Jurisdictional structure
- Operations jurisdiction: Philippines

Operational structure
- Agency executives: PMGEN Robert Alexander A. Morico II, Director; PCOL Santiago D. Pascual III, Deputy Director for Administration; PCOL Ranie P. Hachuela, Deputy Director for Operations; PCOL Reynaldo L. Lizardo, Chief of Staff;
- Parent agency: Philippine National Police

Website
- cidg.pnp.gov.ph

= Criminal Investigation and Detection Group =

Investigation arm of the Philippine National Police

The Criminal Investigation and Detection Group (CIDG) is the primary investigation arm of the Philippine National Police (PNP).

==History==
The Criminal Investigation and Detection Group was established as the Criminal Information Service whose origin traces back as early as 1901 shortly after the establishment of the Philippine Constabulary when the Information Section was established as mandated by the Section 2, Article 255 of the Philippine Commission. In 1920 the Information Division was integrated with the United States Army Forces in the Far East and its detectives participated at the Battle of Bataan, many of which also were forced to participate at the Bataan Death March.

After World War II, the Military Police Command was activated in lieu of the Philippine Constabulary. A Criminal Investigation Branch of the G2 to investigate crimes and maintain peace and order. This division remain operational after the independence of the Philippines from the United States on July 4, 1946.
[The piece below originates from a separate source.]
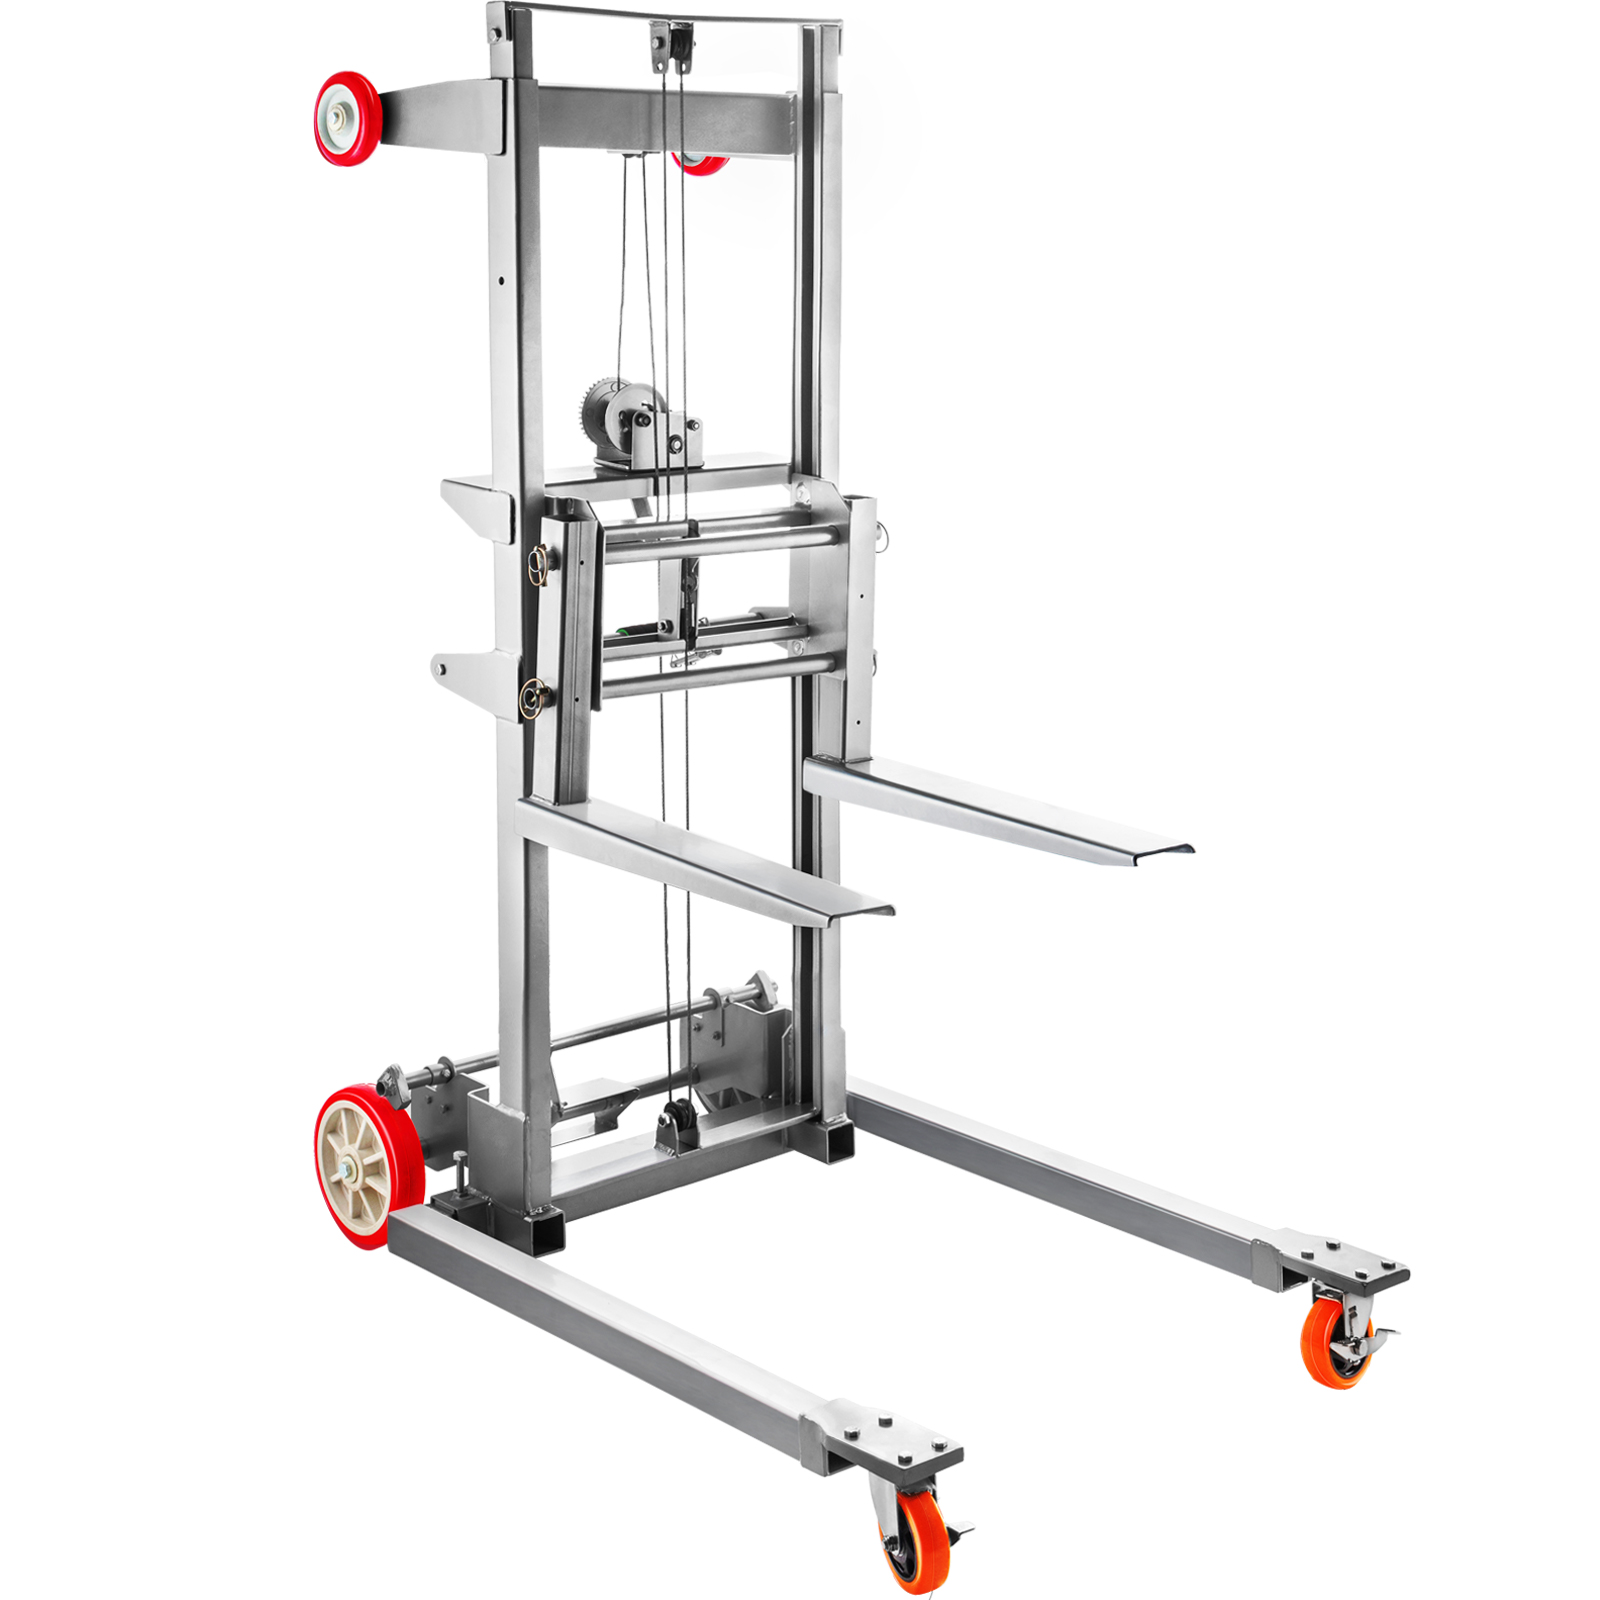 VEVOR Manual Winch Stacker Material Lift 106.3" Max Height 441 lbs Capacity Lift от Vevor Many GEOs

In 1953, the Philippine Constabulary was integrated to the Armed Forces of the Philippines and a Police Affairs Division was created. A Criminal Laboratory was made by the division to support constabulary units with background in scientific criminology. On January 19, 1953, the General Headquarters of the Armed Forces issued General Order Nr. 14 which resulted to the reorganization of the defunct Philippine Constabulary into two main components, a general staff unit, called the Intelligence Division or C2, and an operating special staff unit, the Criminal Investigation Service (CIS).

On October 28, 1955, a Police Intelligence Branch was created by the CIS and in 1958 the investigation body was elevated to a division. The CIS, adopted Criminal Investigation Office as its new name on October 5, 1960, but reverted to its old name two months later. It was again renamed to Criminal Investigation Service Command (CISC) in 1989 and to its present name in 1999.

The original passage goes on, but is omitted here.